La represión sigue en Trípoli mientras aumenta la presión internacional contra Gadafi

Fuerzas fieles a Gadafi dispararon hoy sobre los manifestantes en Trípoli, mientras aumentaban las protestas internacionales por la represión y las voces para que el líder libio abandone el poder. Los enfrentamientos, en los que se habrían producido al menos dos muertos, se registraron tras el rezo de los viernes en los barrios de Fashlum, Zauia y Dohmani, Bin al Shur y Al Siahia de la capital. Al Yazira también informó de "intensos tiroteos"en el barrio de Yumhuría y en un sector donde se instala un mercado popular.

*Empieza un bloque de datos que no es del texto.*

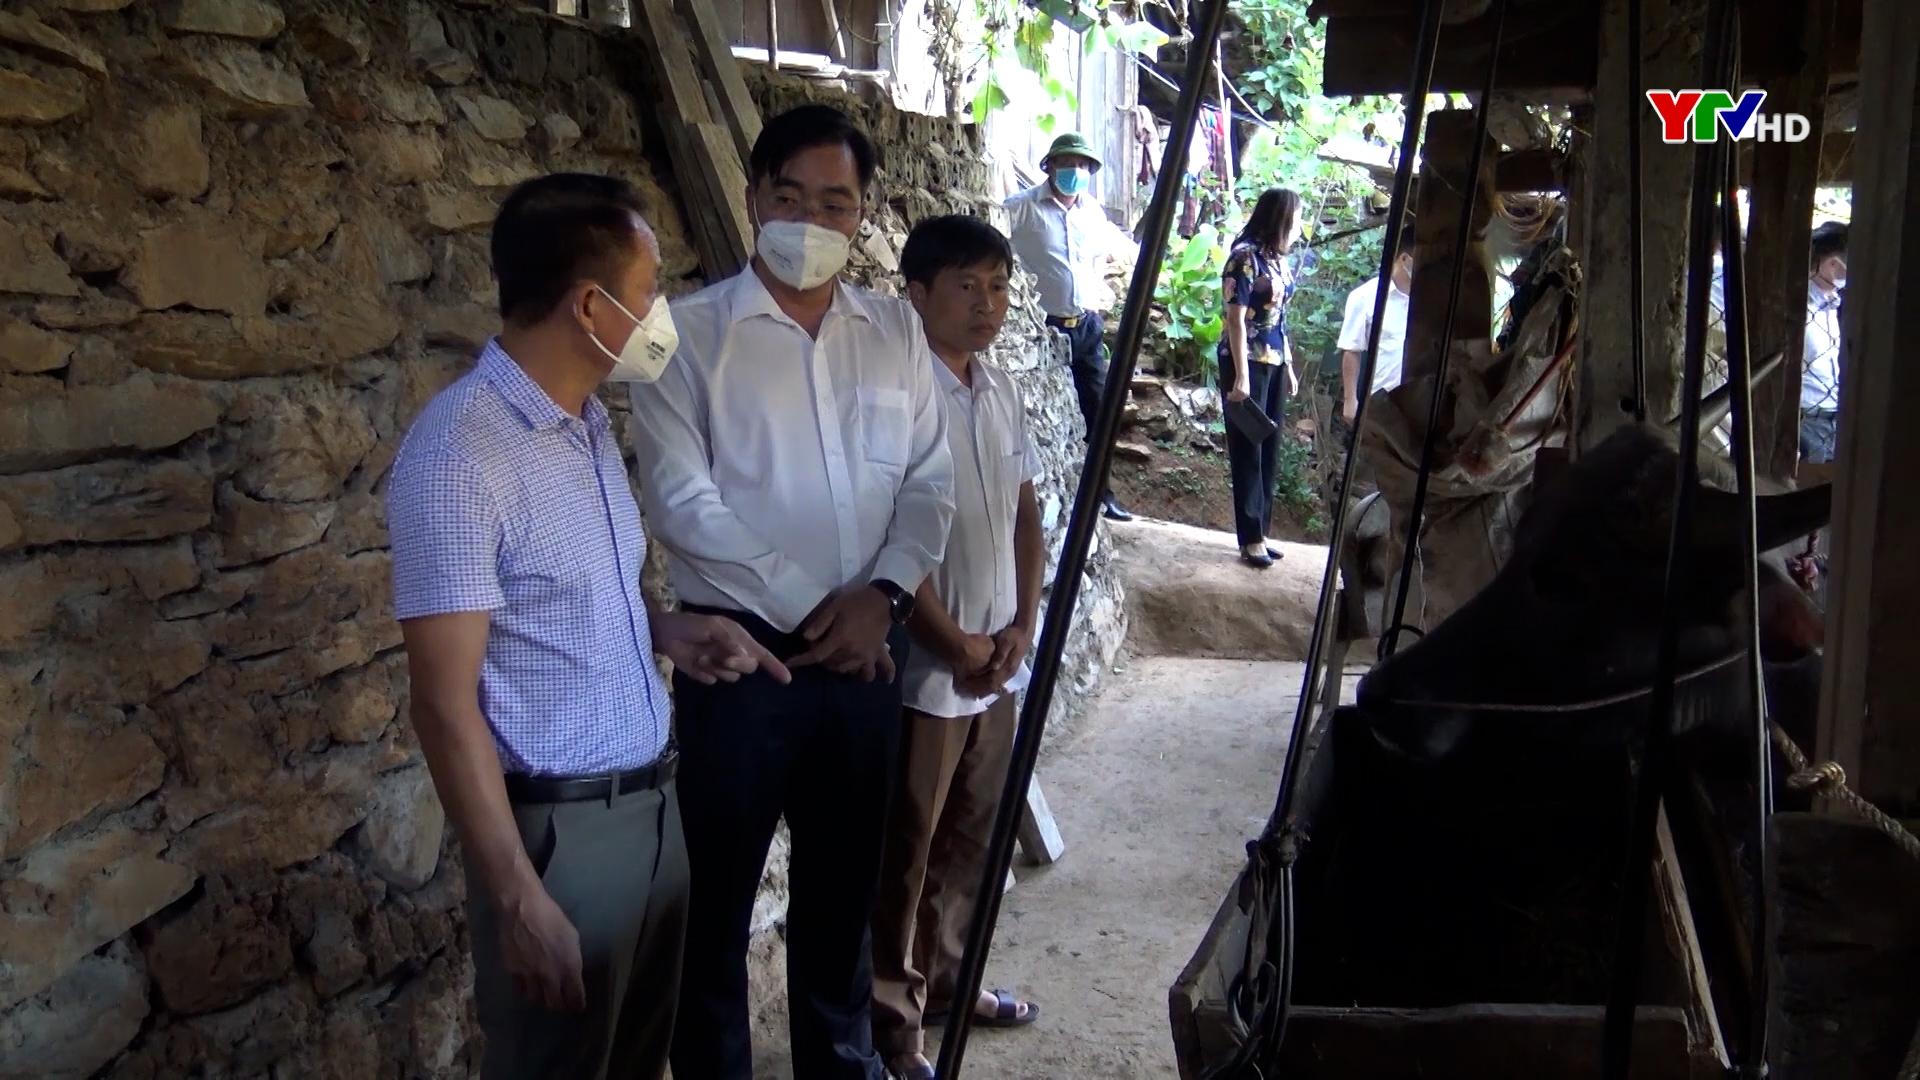 Đồng chí Phó Chủ tịch Thường trực HĐND tỉnh Vũ Quỳnh Khánh kiểm tra việc thực hiện Nghị quyết 69 tại Mù Cang Chải

En la segunda ciudad del país, Bengasi, en manos de los rebeldes, se congregaron decenas de miles de personas para pedir la salida de Gadafi. "Hoy al atardecer se acaba, o se va (Gadafi) o se suicida", afirmó a Efe uno de los participantes en la concentración en el mismo lugar donde el pasado día 17 de febrero unas 50 personas comenzaron la revuelta.

Pero el Gobierno no piensa rendirse ante el avance de los opositores, avisó hoy el hijo del presidente, Saif al Islam Gadafi, en una entrevista en exclusiva con un enviado especial a Trípoli de la cadena turca CNN-Türk.

"Tenemos los planes A, B y C. El plan A es vivir y morir en Libia. El plan B es vivir y morir en Libia... y el plan C es vivir y morir en Libia", aseguró el hijo del coronel que dirige el país árabe con mano de hierro desde 1969. Sin embargo, el líder libio estaría quedándose cada vez más solo de confirmarse la noticia avanzada por Al Yazira de que la base área de Muitiqa, la mayor de Trípoli, se ha unido a la revuelta.

En una cadena de deserciones, el embajador libio ante el Consejo de Derechos Humanos de Naciones Unidas, Ibrahim A.E. Aldredi, decidió hoy proclamarse "representante del pueblo libio", al igual que los embajadores ante Francia y la UNESCO.

Reacciones internacionales
Mientras, Los ministros de Defensa de la Unión Europea acordaron en una reunión informal en Bruselas un nuevo paquete de sanciones contra Libia, entre las que destaca un embargo total armamentístico y la congelación de los bienes del clan Gadafi en territorio comunitario.

El presidente francés, Nicolas Sarkozy, dijo en Ankara que Gadafi "debe irse"y el presidente ruso, Dmitri Medvédev, condenó la matanza de civiles en Libia y llamó a los dirigentes de ese país árabe a que dejen de recurrir a la fuerza contra sus ciudadanos.

Fuera del territorio libio, las miradas se centran también en las reuniones convocadas por la OTAN en Bruselas y por el Consejo de Seguridad de la ONU en Nueva York para abordar la crisis en Libia, donde según las Naciones Unidas hay miles de asesinados y "detenciones arbitrarias y torturas".

La OTAN tiene previsto debatir cómo contribuir a las operaciones de evacuación y a la entrega de ayuda humanitaria en Libia.

Hoy, en la apertura en Ginebra de la sesión especial del Consejo de Derechos Humanos, la Alta Comisionada de la ONU, Navi Pillay, afirmó que "las fuerzas libias atacan a manifestantes y transeúntes, bloquean barrios y disparan desde los tejados. También bloquean ambulancias para que los heridos o muertos sean abandonados en las calles". Pillay dijo que las atrocidades del régimen de Gadafi pueden constituir crímenes contra la Humanidad y pidió a "Túnez, Egipto, Italia y Malta"que mantengan sus fronteras abiertas.

Por otra parte, El Programa Mundial de Alimentos (PAM) alertó de que la cadena de distribución en Libia puede paralizarse, dado que el país es un importador neto de comida y el transporte está bloqueado a causa de la revuelta y la represión.